Dear OP, I could not read this post and not reply.

I am so very sorry that you are finding yourself in this situation. I have been eactly where you are except in 'my' situation the person who has commited the crimes was not even punished and the victim did not feel able to press charges.

I became aware of the situation whilst pregnant with my Older DC, and whilst i was absoluetly sure 100% that our child would never be allowed unsupervised access to the foul man it actually did take about six months more before DP and I came to the conclusion that we would have no further contact with him.

The reason it took this long waas simply because in cutteing off contact with HIM we knew we would not get to see DP's Mum or his siblings who are in complete denial about the whole thing. So Our DC now have no contact with that whole side of the family which is very very sad for them but mostly DP.

I think the people who find it hard to understand why the OP is 'asking the question' they should try to put them selves in those shoes. Although yes the children must be protected at all costs it is a matter of working out the least destructive way of going about this.....it is not so black and white....

As far as your DH OP I think this is an isue which he will just have to conceded to you I am afraid.
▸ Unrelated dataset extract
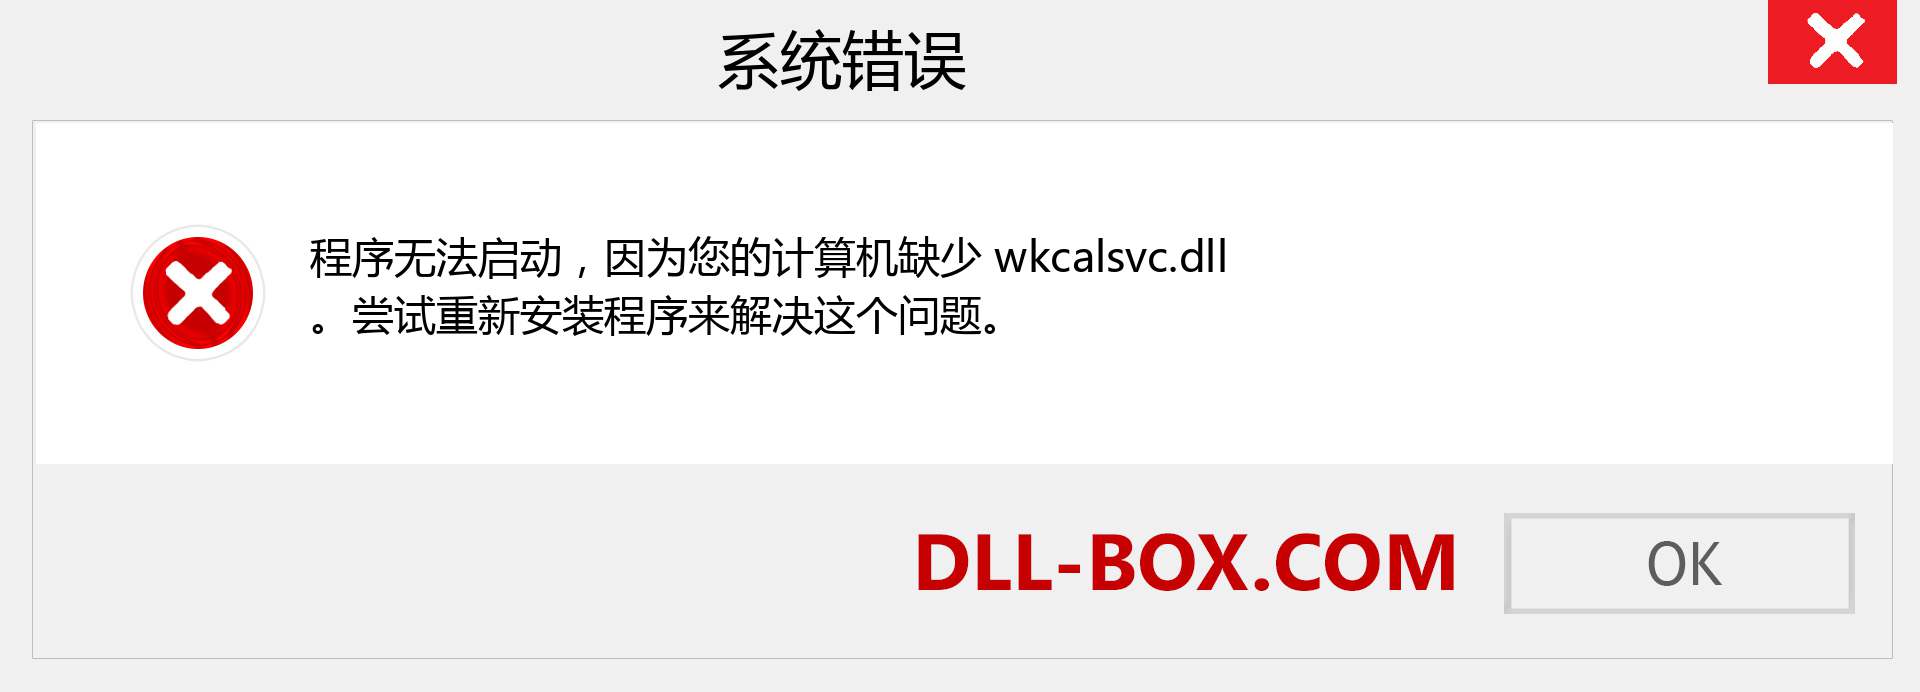 wkcalsvc.dll 文件丢失？。 适用于 Windows 7、8、10 的下载 - 修复 Windows、照片、图像上的 wkcalsvc dll 丢失错误

Put it to him that you will not takw the risk of your children being viewed as sexual objects and ask him if he is really truly comfortable to take that chance.

For myself and DP we simply felt that to allow supervised access was just unworkable as I would not be able (or willing obviously!!!) for them to have a 'normal' Gp/ GC relatioship, ie playing, sitting on knee, picking up etc and children are so very quick at picking up when things don't feel 'normal'.

I didnt want my DC picking up that vibe and then maybe also when older they would have to be told wouldn't they, how awful for them to find out. Now that person doesn't exist for them (they are thankfully very happy well adjusted childeren despite the no contact with DP family!) and they don't have to 'deal with it.